Créer une filiale ? Élargir le périmètre de sa SEM ? Créer une SEM de toutes pièces ? Alors que le programme "100 foncières de redynamisation" monte en puissance, la question se pose du choix du montage juridique, sachant que ces opérations de remise sur le marché de locaux commerciaux sont compliquées. Le quatrième atelier du réseau national des foncières de redynamisation a permis de passer en revue les différentes solutions possibles, en soulignant un impératif : la forte volonté des élus.

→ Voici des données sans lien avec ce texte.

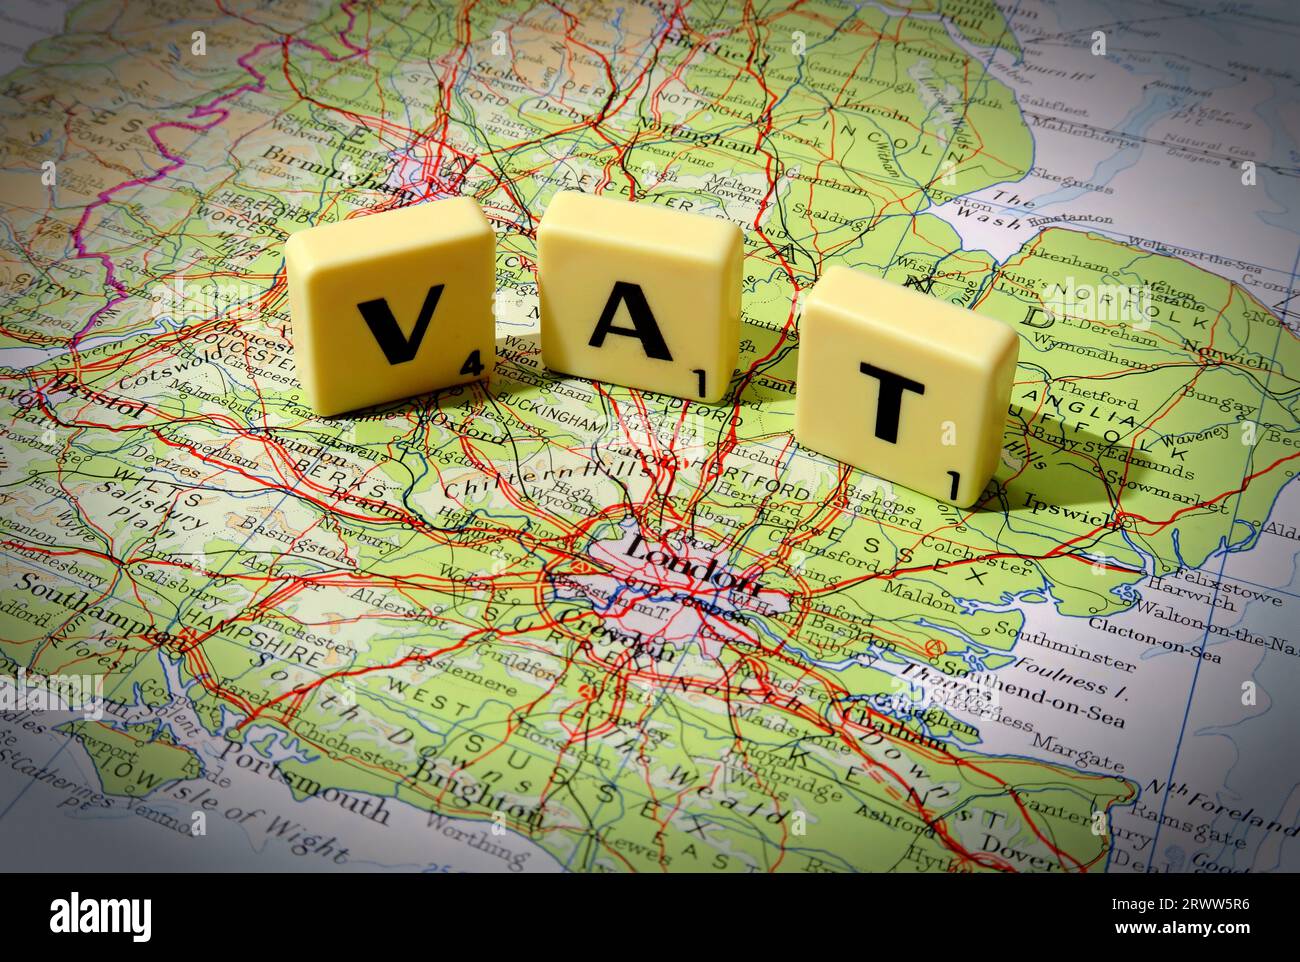 MwSt die Umsatzsteuer für den Kauf, die in Scrabble-Buchstaben auf einer Karte von England, Großbritannien, Großbritannien angegeben ist Stockfoto

Après plusieurs mois de rodage des "100 foncières de redynamisation" - programme lancé dans le cadre du plan de relance pour réhabiliter 6.000 cellules commerciales et équipements de proximité -, il est désormais temps de regarder sous le capot. C’était le but du quatrième atelier du réseau national des foncières de redynamisation des centres-villes, organisé par le Hub des Territoires (Banque des Territoires) en partenariat avec la Fédération nationale des entreprises publiques locales, mardi 12 avril 2022. On savait déjà, depuis le précédent atelier (voir notre article du 14 février 2022), qu’il n’y avait pas d’échelle plus pertinente que d’autres, que tout dépendait des acteurs locaux. C’est ce que redit Guillaume Dieuset, le directeur général de la SEM Breizh qui rayonne en Bretagne. "Il n’y a pas de concurrence d’échelles", martèle-t-il. "Notre outil est tout à fait complémentaire à tout ce qui peut émerger sur le terrain", poursuit-il, expliquant par exemple que Brest réfléchit à créer sa propre foncière commerciale. "Est-ce que c’est le bon périmètre d’intervention ? Je ne sais pas. Nos successeurs le diront dans cinq, dix ou quinze ans", abonde Isabelle Carron, directrice générale déléguée de Cenovia qui, au Mans, vient de se doter d’une des toutes dernières foncières de revitalisation à l’échelle de la métropole.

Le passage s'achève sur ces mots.